MY LAST two columns described our agency's efforts to end walk-in premium payments on direct-bill accounts, freeing time for our employees to offer our clients other, more valuable service. Last month I explained how we began communicating to customers why it was not in their best interests to make direct-bill premium payments at our office. We were then ready for the final step in the process-establishing a "termination date" after which we would firmly discourage customers who still brought payments in person.

We were ready for the possibility that some customers might find our new policy inconvenient and thus take their business to another agency. In our initial assessment phase of this plan, we had determined that the loss of business would be tolerable even if all walk-in customers went elsewhere.

To begin the final phase of our plan, we displayed posters announcing that we would no longer maintain a "cash drawer" at the agency after July 1, and thus could not make change when people brought their premium payments in. After our cutoff date, all payments would need to be in the form of checks, money orders or exact change. We explained that part of our reasoning was a concern for the safety of our employees-a claim that gained credibility when we cited the robbery and murder of an insurance agent in the area who was leaving his agency with cash receipts. Every time we explained our new practice to a client in person, we also emphasized the importance of eliminating walk-in payments to allowing our agency to provide new and more useful services to clients.

Some clients responded by stating they had always brought in their payments in person, and would continue to do so because it was convenient for them. Others told us they understood our reasoning but wanted to keep bringing payments in until we "closed" the cash drawer, because change was hard for them to accept. And a small group of clients said they would find another agency if we didn't accept walk-in payments.

As our cutoff date approached, we sent out a fourth newsletter to clients. The newsletter provided such tips as how to reduce auto insurance premiums by selecting higher deductibles, taking safe-driver courses and selecting autos that included certain safety devices that earned premium credits. The newsletter also included a reminder that direct-bill payments should be sent directly to the insurance company for quick posting and the greatest customer convenience.

On July 1, some customers came to our office to make cash payments, without exact change. Despite our year-long education effort, some clients apparently didn't believe we were serious. One client asked, "You don't even have a nickel for change?" When we said no, the client left, and came back later with the exact amount owed. I'm sure that news of our disappearing cash drawer spread quickly through the coffee shop next door.

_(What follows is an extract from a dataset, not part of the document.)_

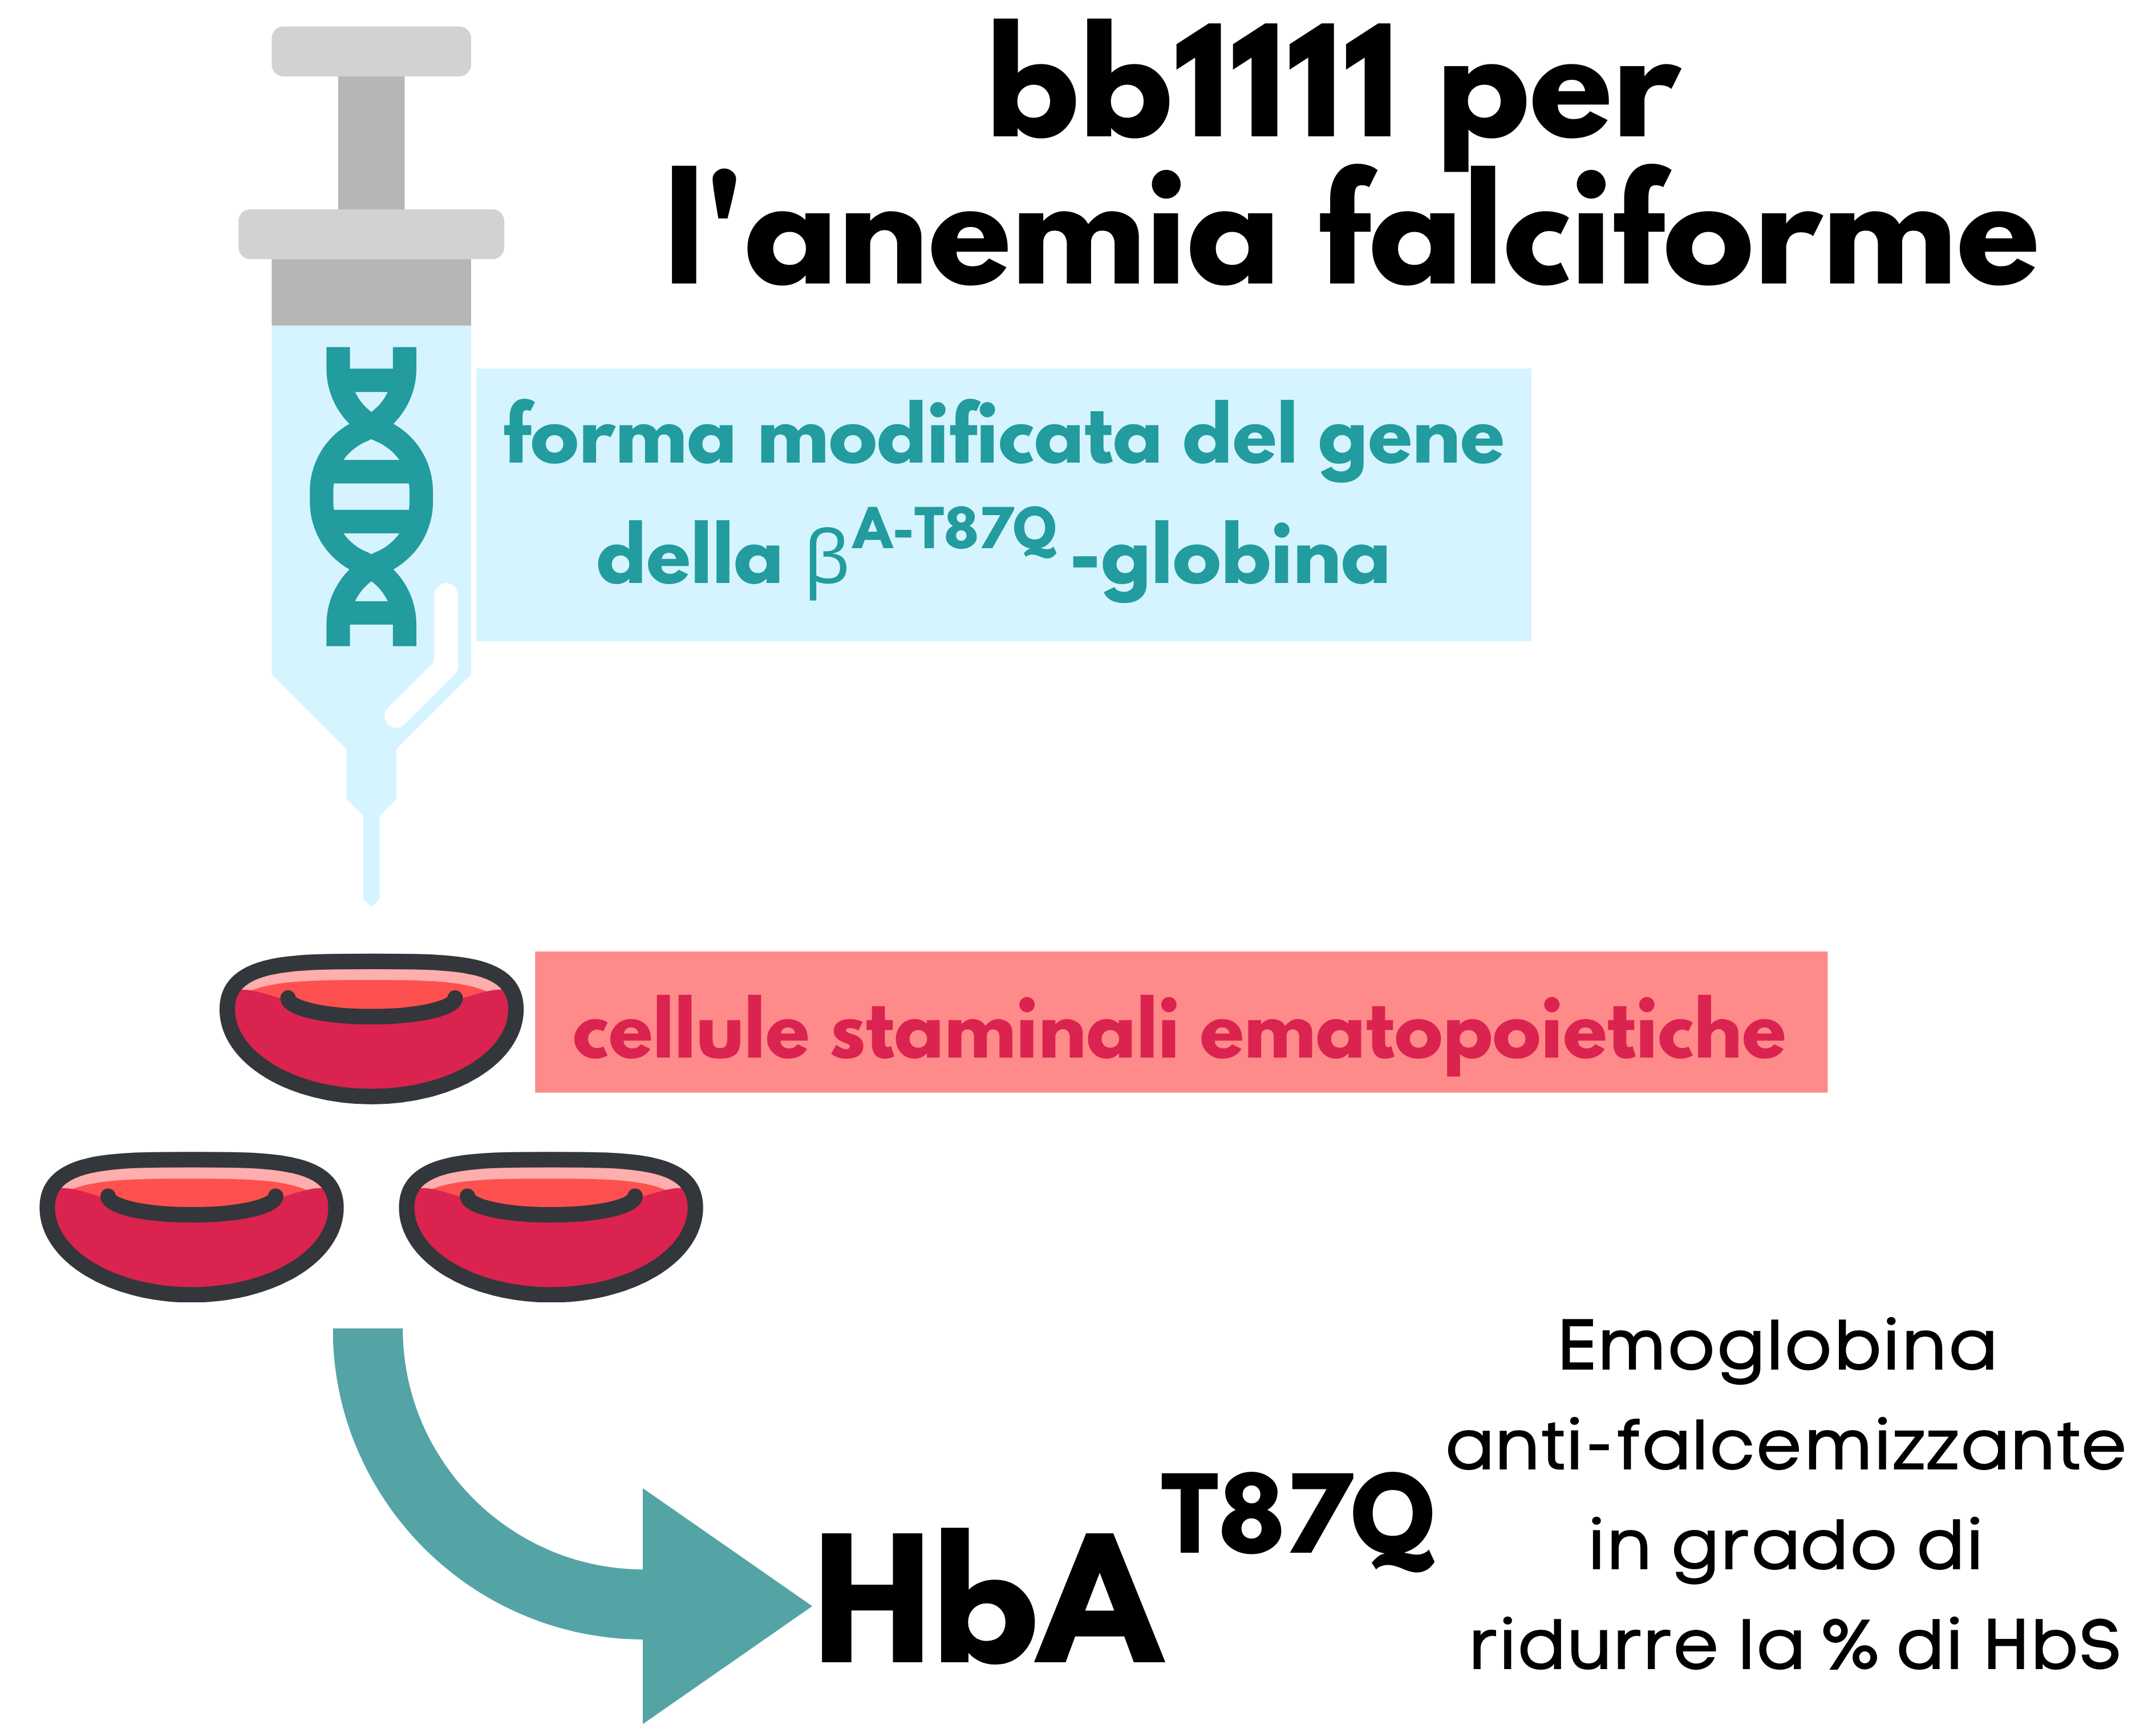 bb1111 per l'anemia falciforme permette la totale eliminazione degli eventi vaso-occlusivi severi 
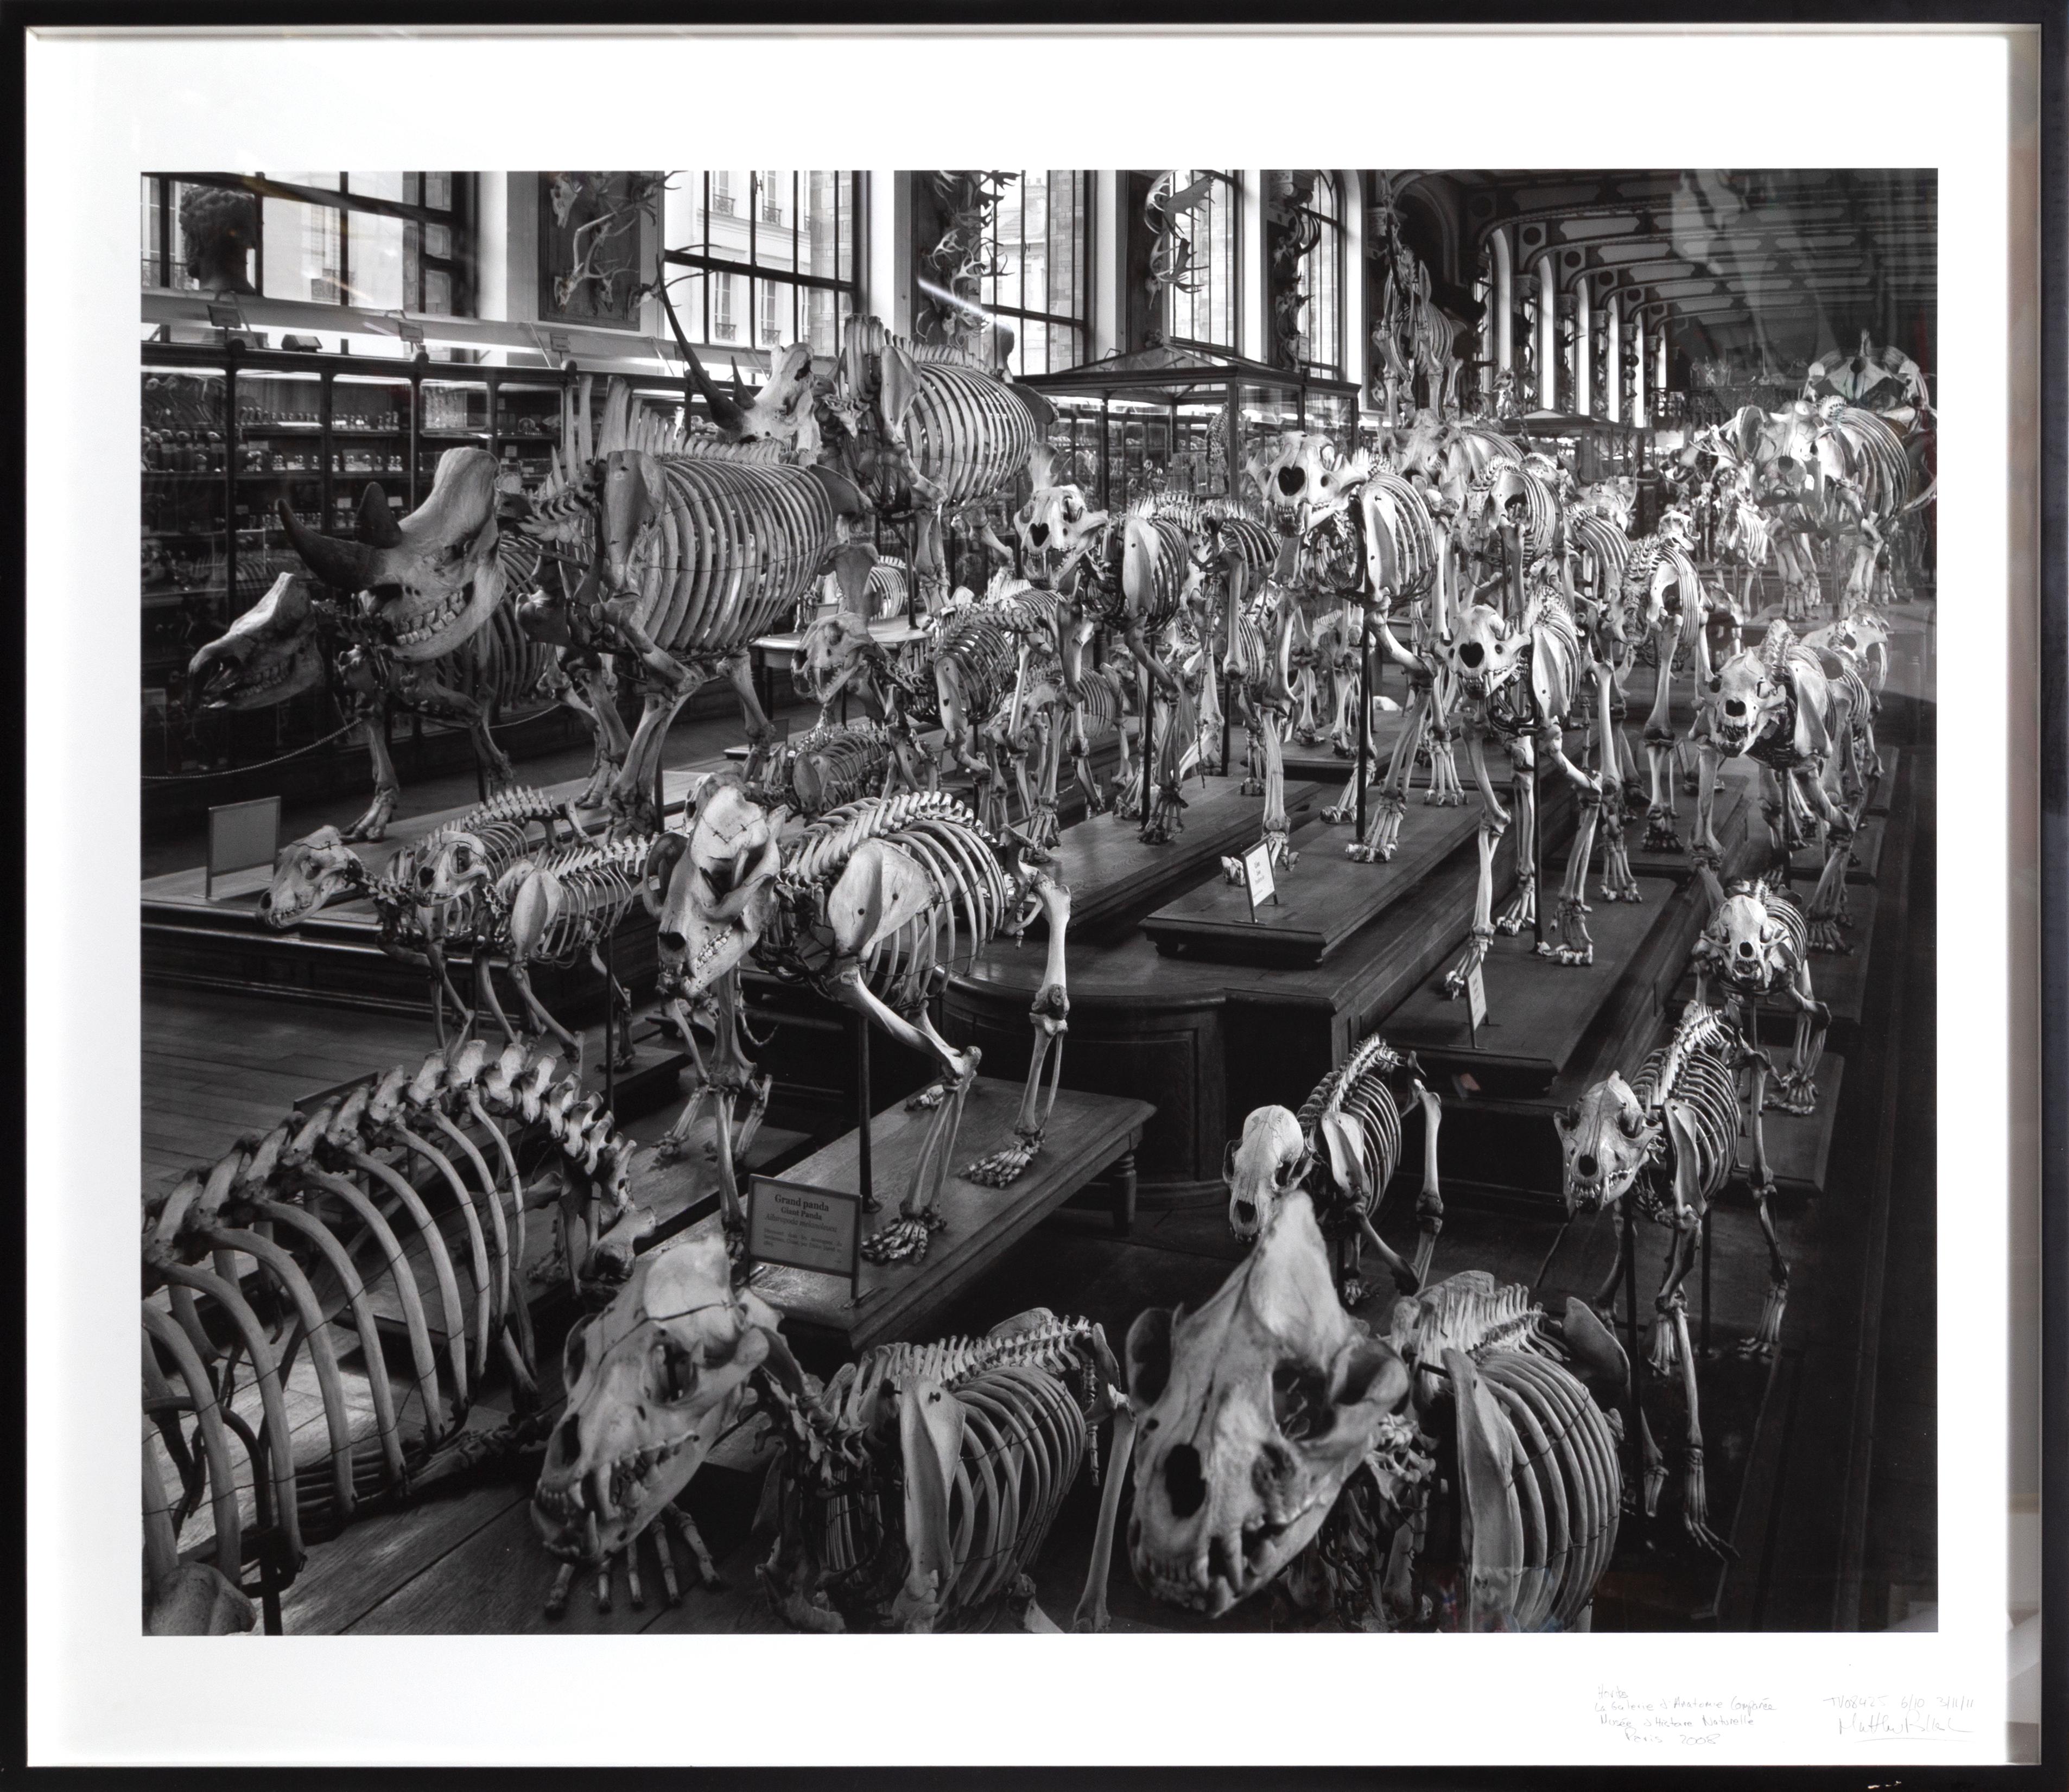 Matthew Pillsbury Black and White Photograph - Hordes, La Galerie d'Anatomie Comparée, Musée d'Histoire Naturelle

The results of our process haven't been perfect, but they are encouraging: Through July, we've experienced a 15% drop in the number of walk-in payments, compared with our June numbers. But we're saving more time than that number alone would indicate. Fewer walk-in customers brought cash in July. An increased number brought money orders, which saved us the time of issuing and tracking an agency check. Also, a greater percentage of the payments were for Allstate and Progressive policies, which have "sweep" accounts. All we have to do is deposit the money and electronically notify the company.

Whenever clients bring payments to our office, we continue to remind them that the insurance company prefers to receive the payment directly, and we hand them another copy of our flier explaining the benefits of direct payment. We also instruct new customers to send payments directly to carriers, from the start of our relationship with them. We consider our process successful-so far. We've learned "turning off" walk-in payments on direct-bill accounts is an ongoing process requiring our continuing commitment. But it can be done.